Émile Allanic répondant aux docteurs puis aux allemands :
Si je m’évade avec vous, je risque de vous faire prendre, car mon âge ne me permet pas de courir assez vite. Partez, je couvrirai votre fuite.
[...]
Ils sont occupés à compter les morts qui sont étendus en cette cave. [1]
Le convoi repart ensuite, mais cette fois à pied vers Tours. De là ils sont transportés à Vierzon, Dijon, Dole, Vesoul et enfin Belfort. Quinze jours se sont écoulés depuis leur départ de Rennes. Sur place les Allemands font un tri et ne destinent à l’Allemagne que les présumés coupables, les autres sont relâchés. C’est à cette étape qu’Émile Allanic s’évade grâce à l’institutrice mademoiselle Roussy le 22 octobre 1944. Il gagne la Suisse où l’accueil est chaleureux. Finalement, un autocar le prend en charge et le ramène en France jusqu’à Pontarlier. Il regagne la région brestoise pour y découvrir que son officine et son logement ont été détruits durant le siège de la ville en août et septembre 1944.

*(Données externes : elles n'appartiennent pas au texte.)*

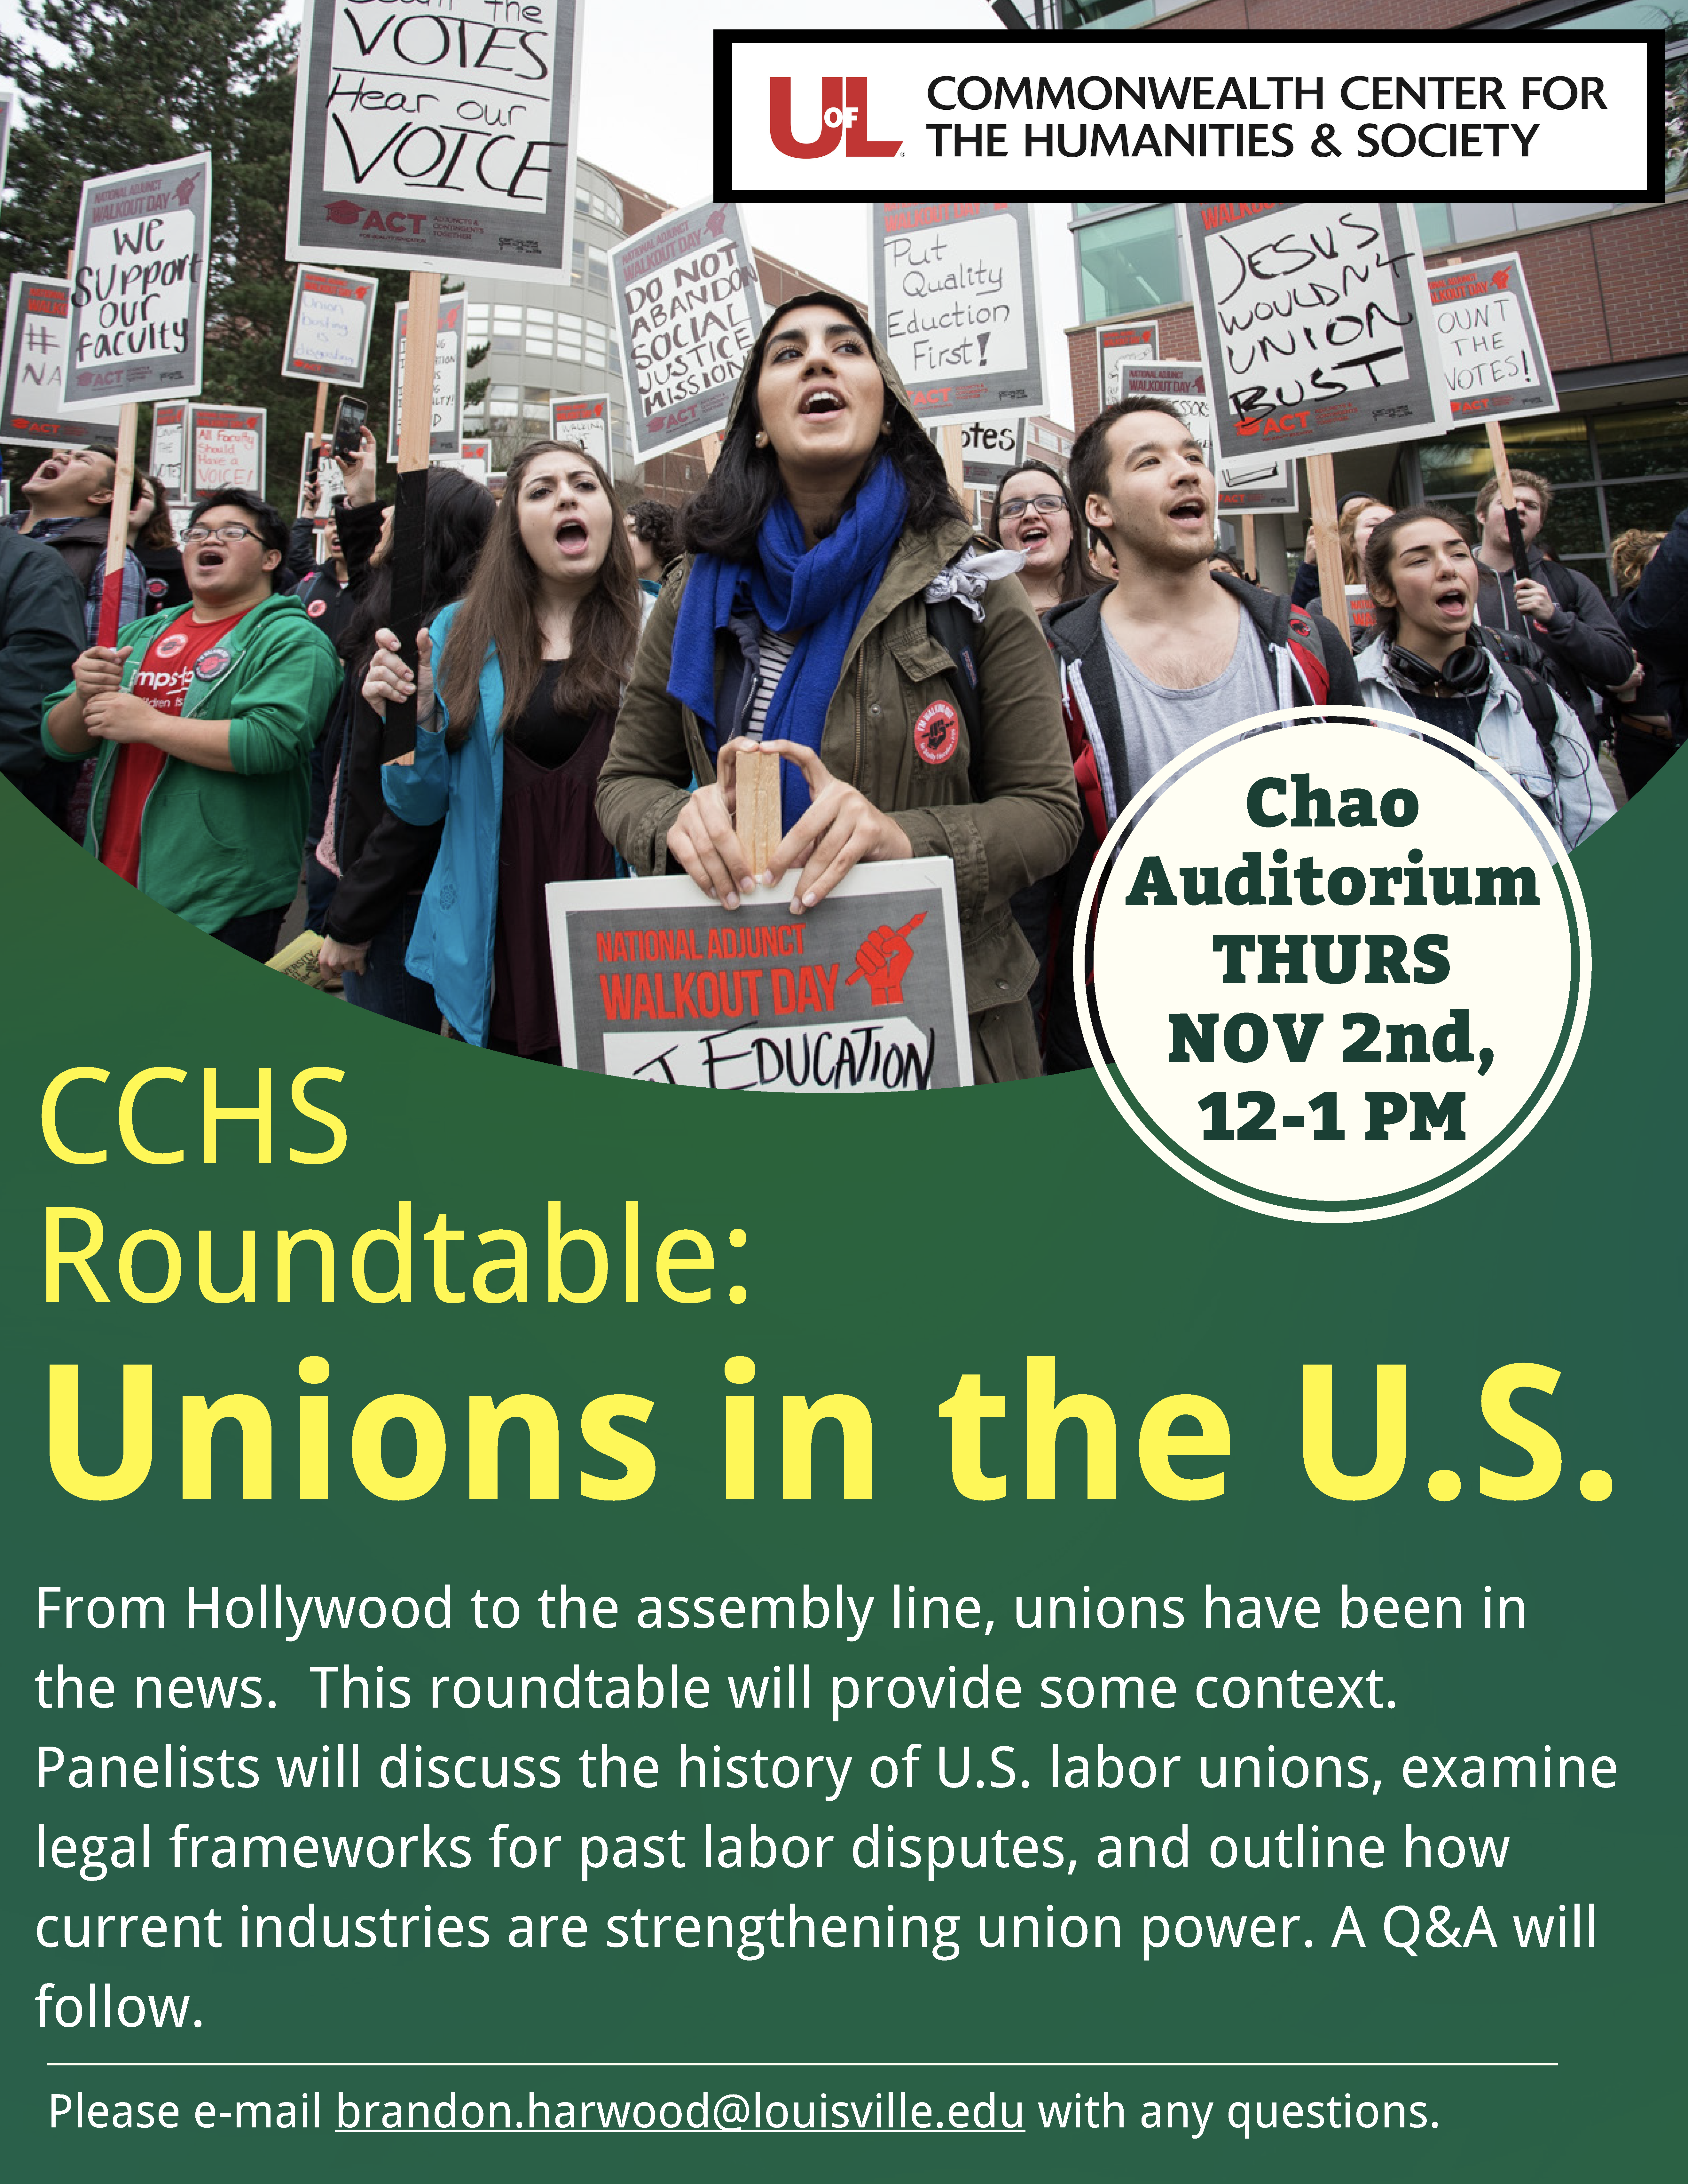 CCHS Roundtable: Chao Auditorium THURS NOV 2nd, 12-1 PM Unions in the U.S. From Hollywood to the assembly line, unions have been in the news. This roundtable will provide some context. Panelists will discuss the history of U.S. labor unions, examine legal frameworks for past labor disputes, and outline how current industries are strengthening union power. A Q&A will follow. Please e-mail brandon.harwood@louisville.edu with any questions.

Le 3 octobre 1944, par arrêté du commissaire régional de la République Victor Le Gorgeu, la fusion de Lambézellec, Saint-Pierre-Quilbignon et Saint-Marc avec Brest est prononcée. Les conseils municipaux et délégations spéciales sont dissous, remplacés par une nouvelle délégation spéciale en charge de l’administration du Grand-Brest. Parmi les membres de cette nouvelle équipe de gestion, figure Émile Allanic et d’autres résistants.
Composition de la délégation spéciale du Grand-Brest :
– Victor LE GORGEU (Président absent)
– Jules LULLIEN (Président par intérim - Brest - Négociant)
– Émile ALLANIC (Brest - Pharmacien)
– Gaston CHABAL (Brest - Architecte)
– Jeanne GOASGUEN (Brest - Infirmière)
– André LE ROY (Brest - Employé des P.T.T)
– Guillaume MESSAGER (Brest - Professeur du Lycée de Brest)
– Jean RIOUALLEC (Brest - Cheminot)
– Victor SAGET (Brest - Directeur des vapeurs brestois)
– Antoine SALAUN (Brest - Médecin)
– René SALAUN (Brest - Commerçant)
– Michel SCHEIDHAUER (Brest - Colonel de Réserve)
– Louis SALIE (Brest - Contremaître à l’école pratique)
– Yves TANGUY (Brest - Publiciste)
– Pierre TOULLEC (Brest - Instituteur)
– Andrée ANDRIEUX (Lambézellec - Pharmacienne)
– Emmanuel COLIN (Lambézellec - Cultivateur)
– Alain CORRE (Lambézellec - Ouvrier à l’arsenal)
– Edouard RIBAN (Lambézellec - Capitaine)
– Joseph LUSLAC (Lambézellec - Cultivateur)
– Charles DANIEL (Saint-Pierre-Quilbignon - Pharmacien)
– Michel FLOC’H (Saint-Pierre-Quilbignon - Ouvrier à l’arsenal)
– Jean JULIEN (Saint-Pierre-Quilbignon - Instituteur)
– Jean LUCAS (Saint-Pierre-Quilbignon - Médecin)
– François GLOANEC (Saint-Marc - Retraité)
– Yves JAOUEN (Saint-Marc - Expert comptable)
Après cette période de transition, le pharmacien s’établit alors à Carantec et reste y vivre pour sa retraite. Pour son engagement clandestin, il reçoit la médaille de la Résistance française, avec rosette en 1946 et la Croix de Guerre 1939-1945. Émile Allanic était également Chevalier de la Légion d’honneur.